Beneath a projection of George Lucas’s 1971 debut THX 1138 with electronic beats blasting through the room, the geeks and high-minded documentarians played nice, at least until the devices of fanboy revelry were introduced. As the audience relived its Lucas-induced childhood fantasies and middle-aged frustrations while the movie played, the theater took care to include a lightsaber dueling area for the afterparty. Inevitably, dozens of people took a moment or two to recreate the swordplay of Episodes I-VI. AFI Operations Manager Adrian Spencer, who moderated a discussion with Philippe immediately after The People vs. George Lucas, fought one of the longer battles of the night against Frank Salerno, a production adviser. At least no one wears a bathrobe to play Jedi at a film festival.

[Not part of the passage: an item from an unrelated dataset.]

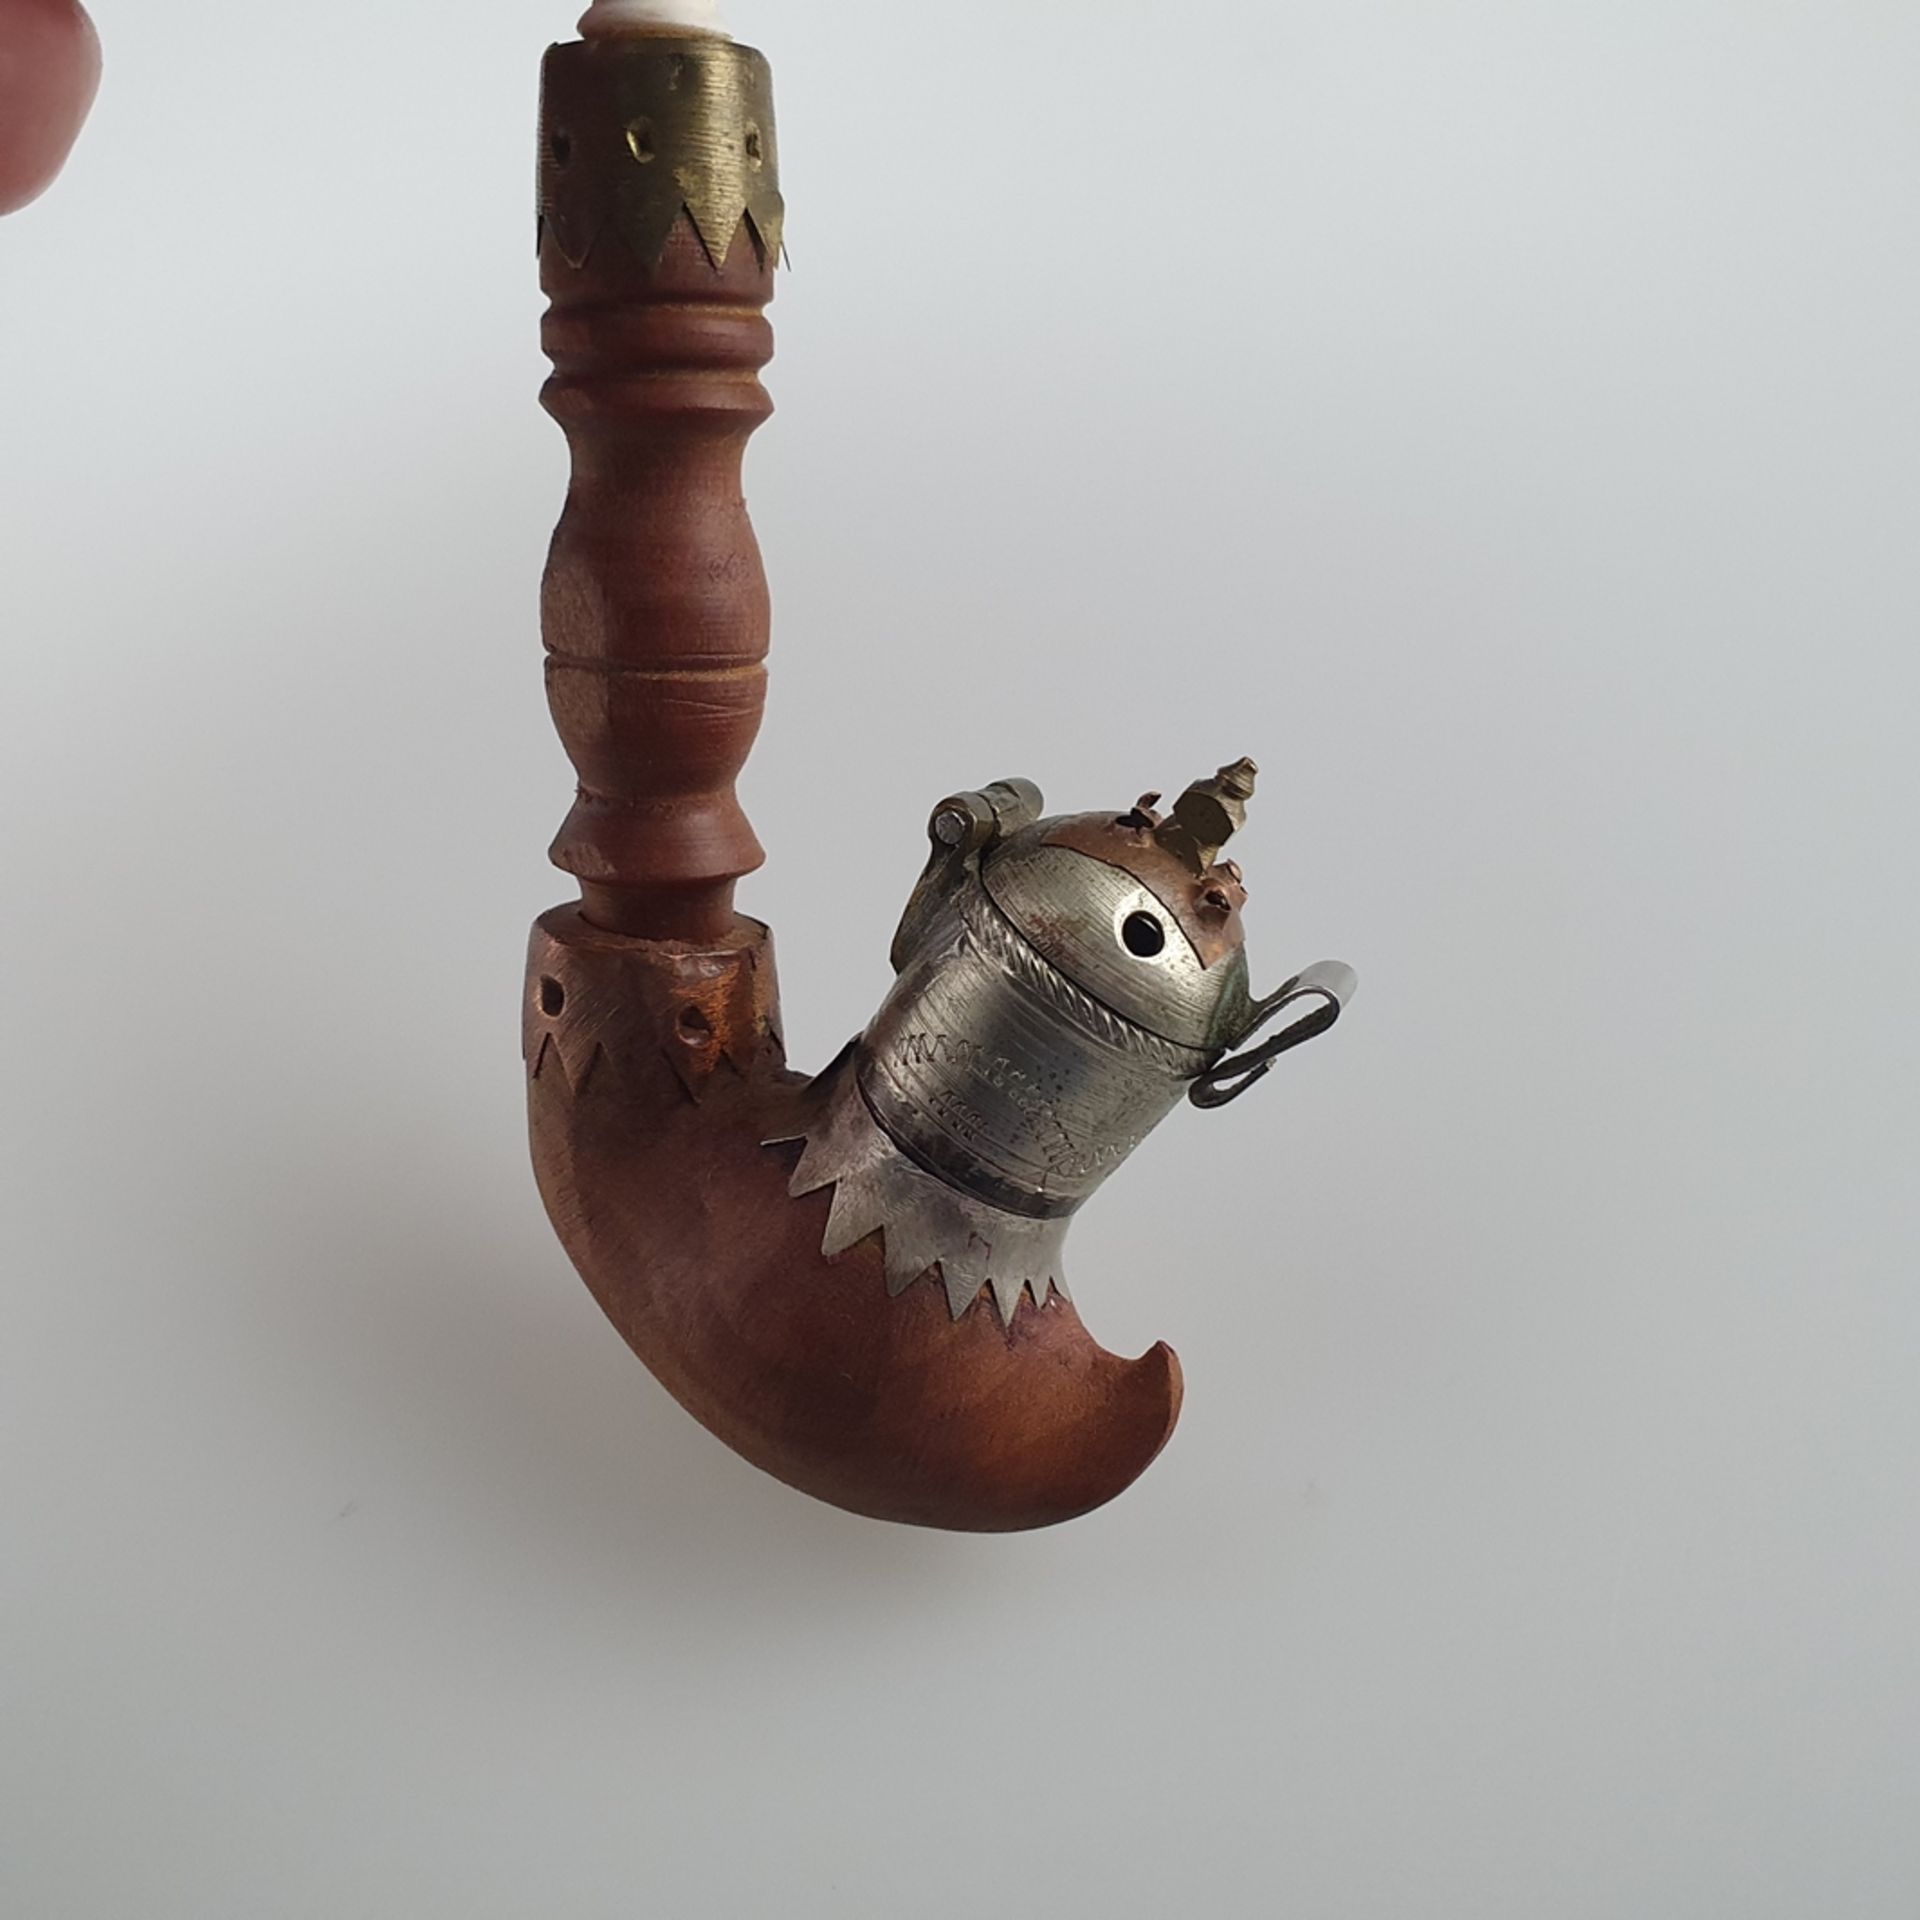 Opiumpfeife - Holz, gedrechselt, Metallmontur, Beinmundstück, leichte Alters- bzw. Gebrauchsspuren, - Image 4 of 8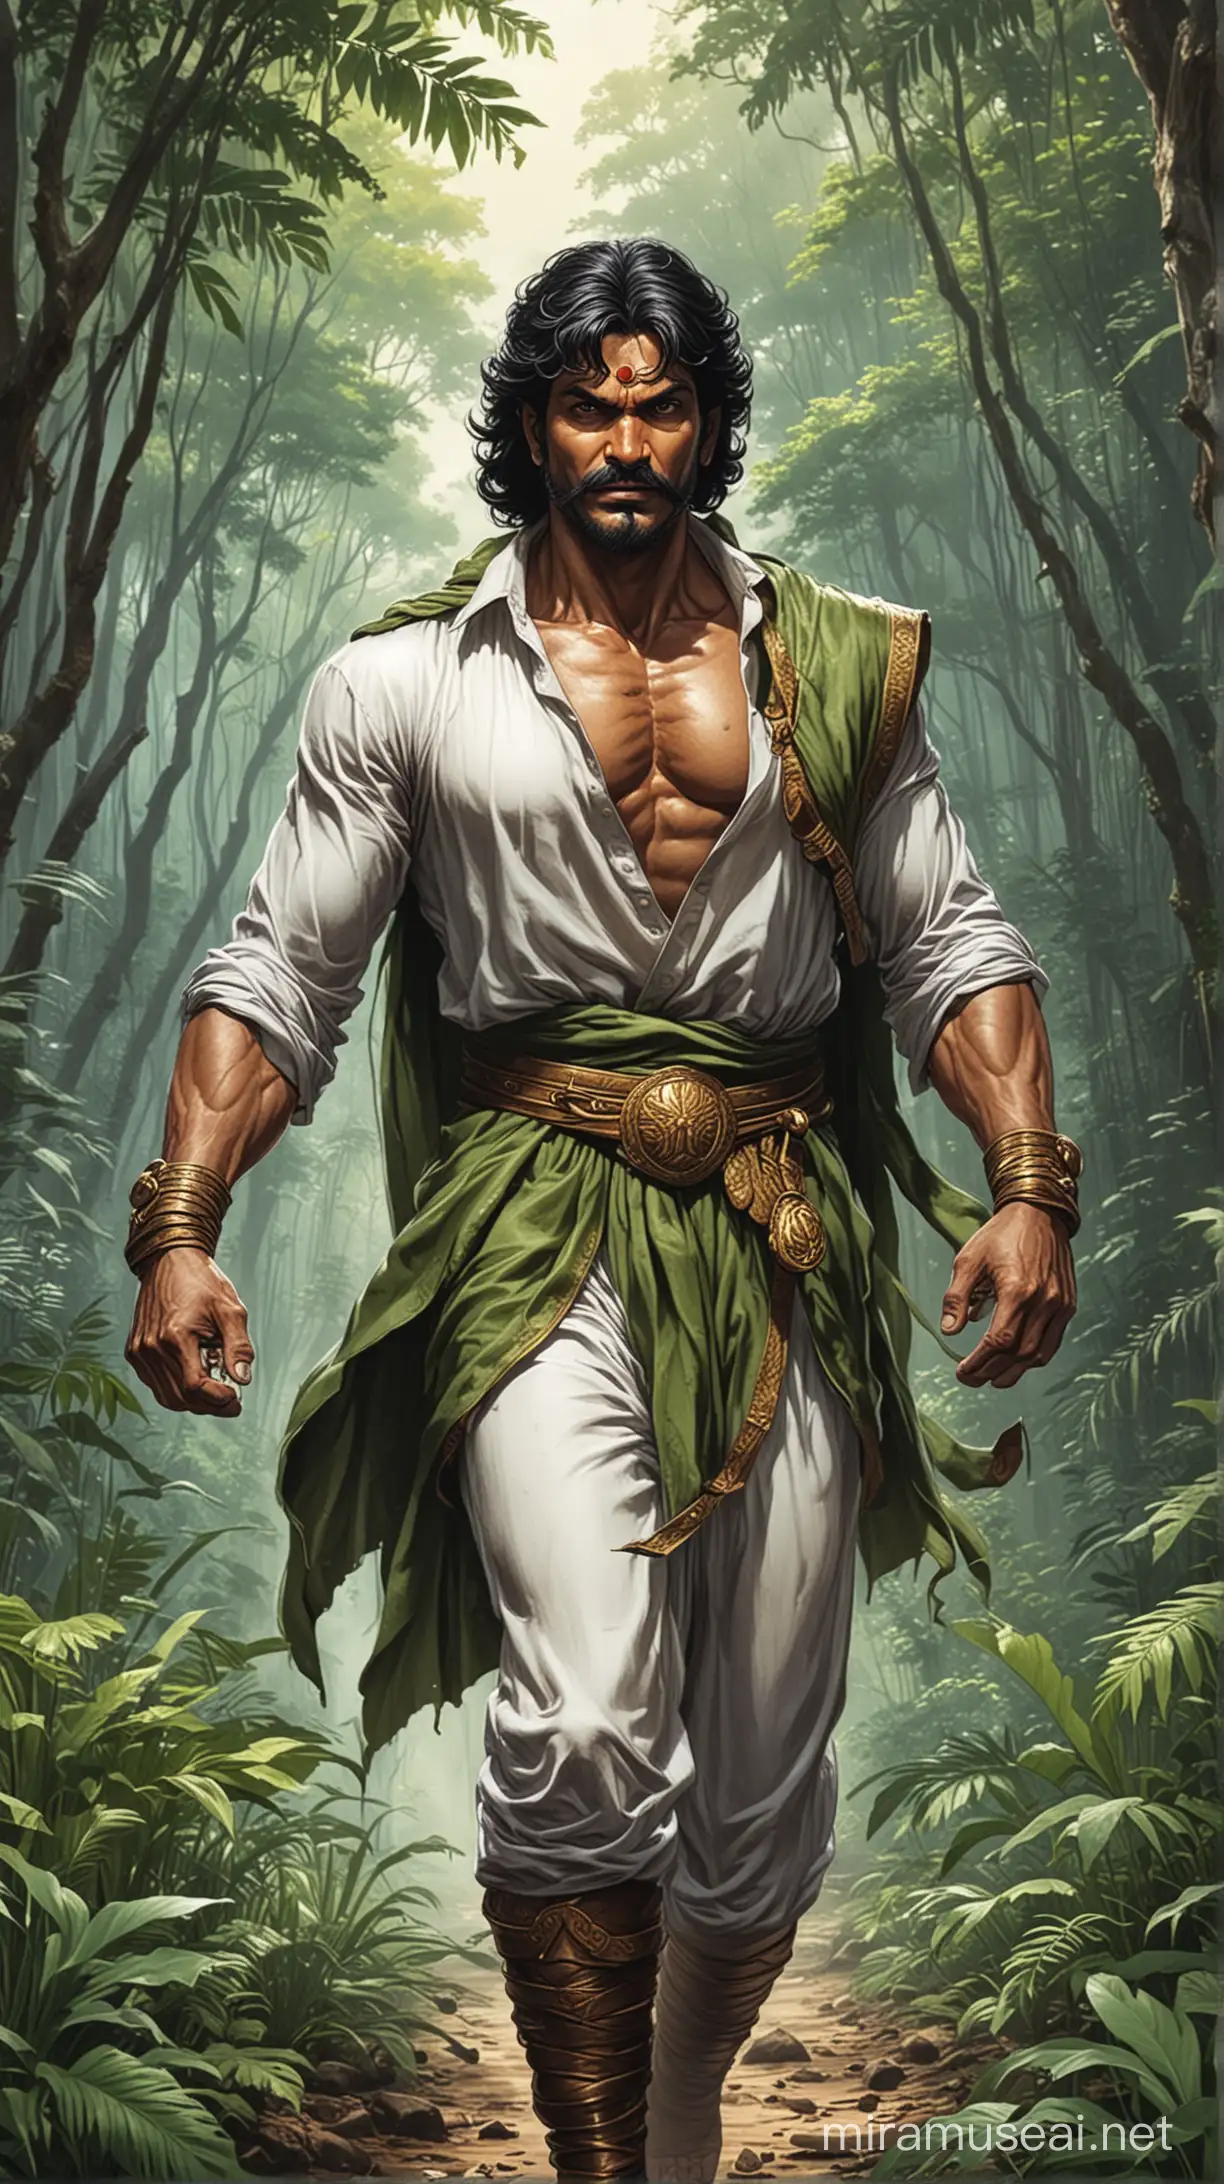 नागराज nagraj, Indian raj comics superhero, walking in jungle

There were other, more recent types of combat taking place, as well. With a bar that included a certain malt beverage, it was only a matter of time before we saw nerds icing nerds. Theater manager Ben Field-Pickering (brother of Food for Animals’ and Future Times Records’ Andrew Field-Pickering) found himself on bended knee draining a bottle of Smirnoff Ice early on in the party.
Music was provided by Parris Haynie, 22, on an original-model Game Boy. Haynie, who deejays and writes under the pseudonym “Dauragon C. Mikado” (lifted from the villain of an obscure PlayStation 2 game), performs using chiptunes—a technology that uses ancient, 8-bit video game systems to arrange original compositions. The program plugs into the Game Boy on a cartridge no different than Tetris or Bust-a-Move, and from there Haynie can manipulate the device’s soundchip.
But rather than the bouncy songs that accompanied our favorite childhood games like Super Mario Bros., Haynie synthesized a pulsing, brooding pattern that was a haunting match for the dystopian vision of THX 1138 playing on the wall above.
“I go for more sinister sounds,” Haynie told Arts Desk. “In high school I was the kid listening to Nine Inch Nails and wearing all black.”
Seeing that his genre was a perfect match for the evening, Haynie turned to his own perception of “Star Wars.” Being too young to have seen the original trilogy in its original release, Haynie said wasn’t immediately averse to Lucas’s “Special Editions” or prequels, though like many in the crowd, he eventually turned on the later episodes. He is a fan of “Star Wars” spinoff fiction, specifically the “Knights of the Old Republic” video game series. When asked if the legacy of “Star Wars” belonged to its creator or its fans, Haynie was somewhat generous: “George Lucas can do whatever the fuck he wants, so long as I’m allowed to hate it.”